- **WHAT IS BEING ASKED**
I'd like the full listing transcribed exactly, with no images included.

- **RAW DATA**
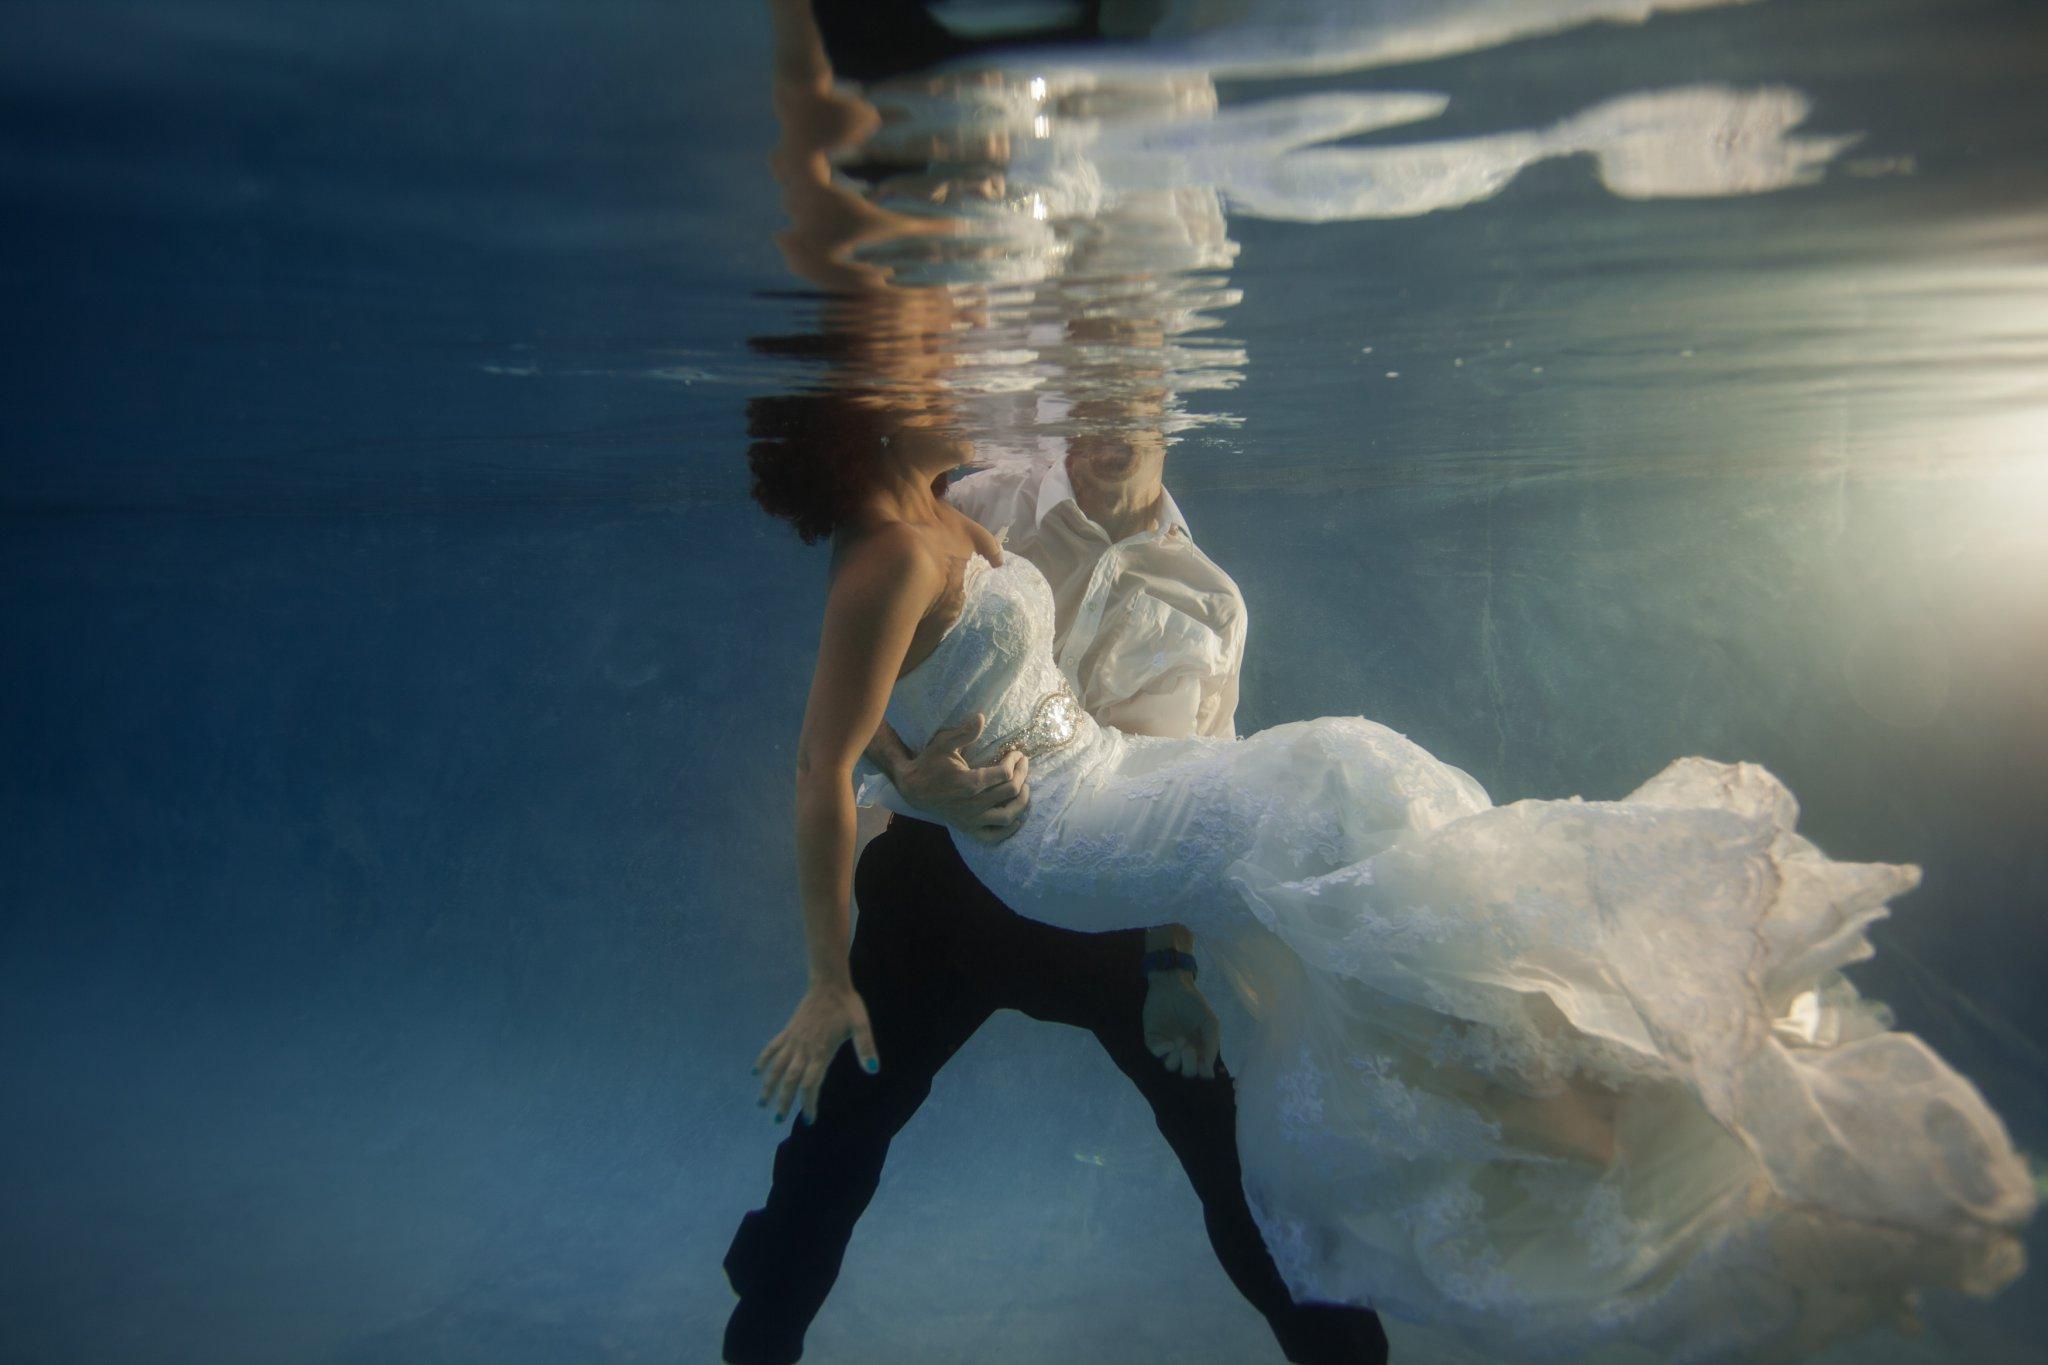 underwater trash the dress photos by Arizona wedding photographer
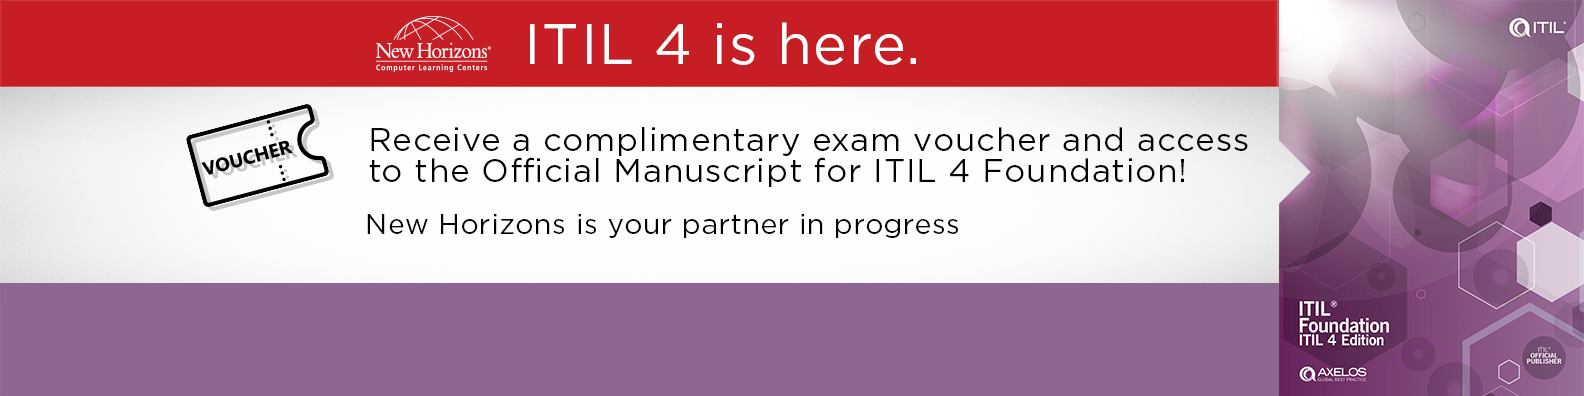 LinkedIn - ITIL 4 is Here
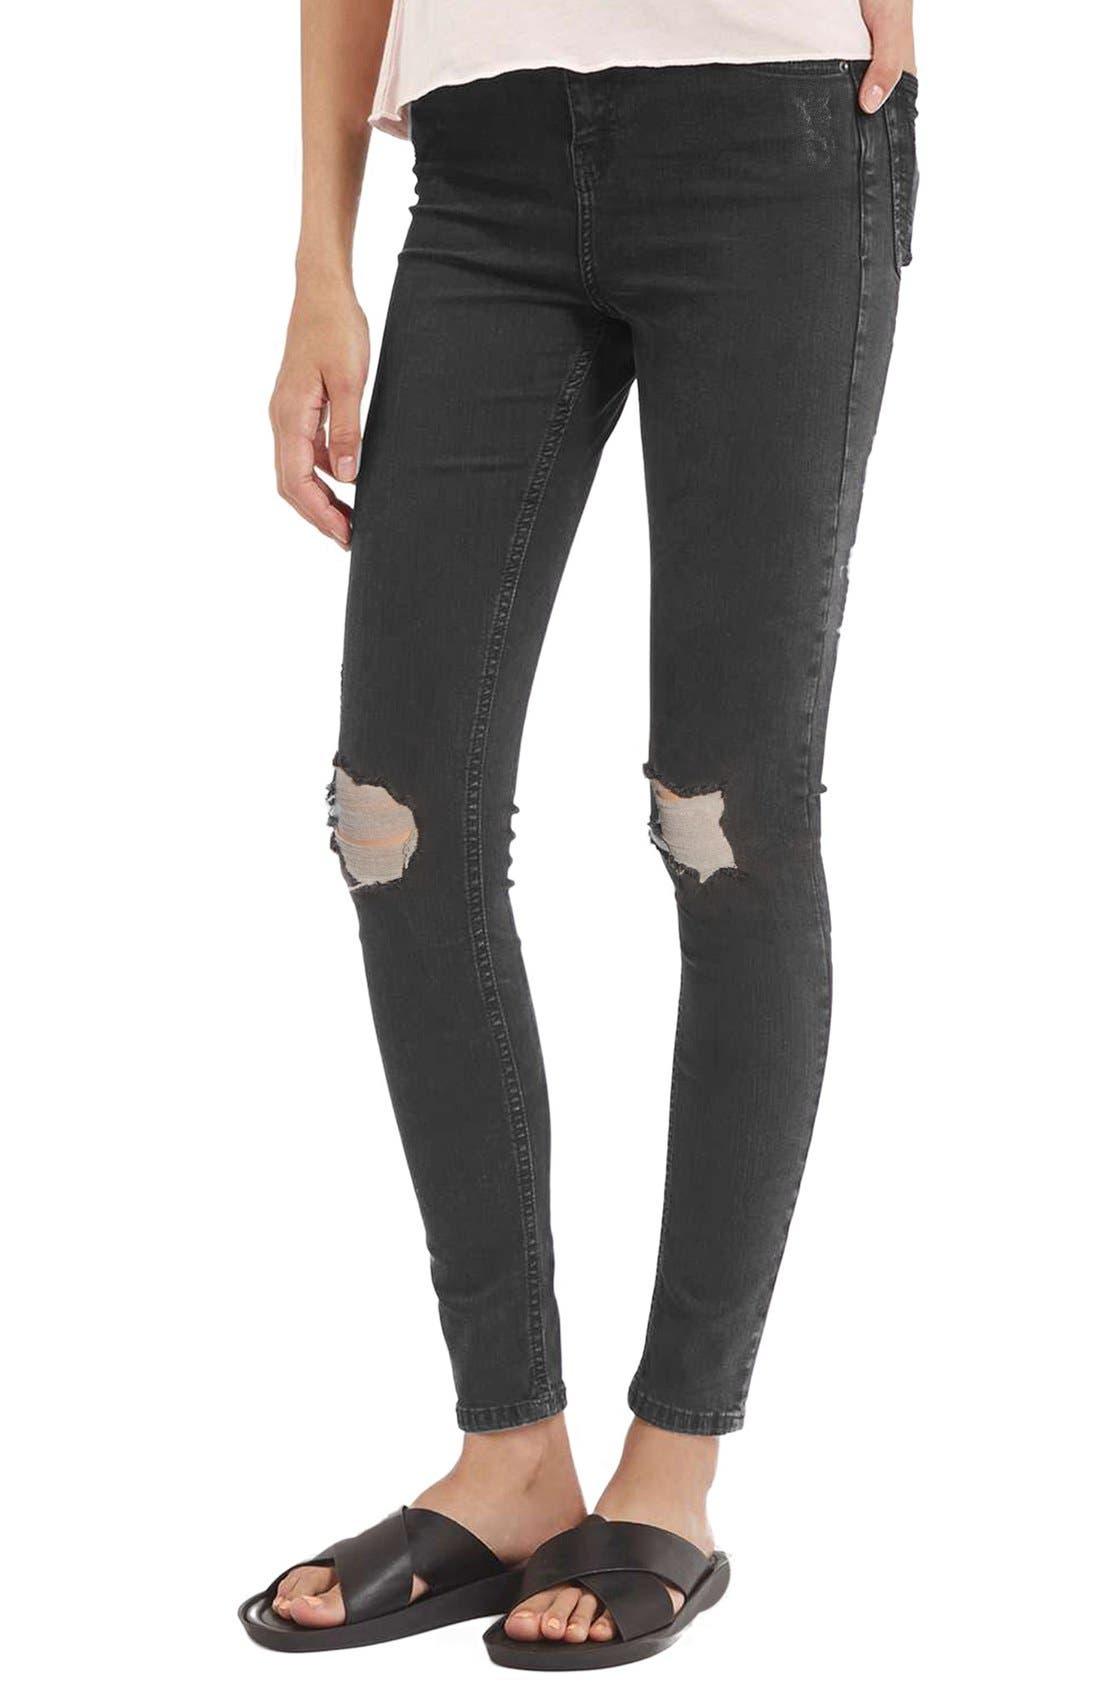 Topshop Jamie Shredded High Waist Skinny Jeans

- **FINAL ANSWER**
 underwater trash the dress photos by Arizona wedding photographer
 LinkedIn - ITIL 4 is Here
 Topshop Jamie Shredded High Waist Skinny Jeans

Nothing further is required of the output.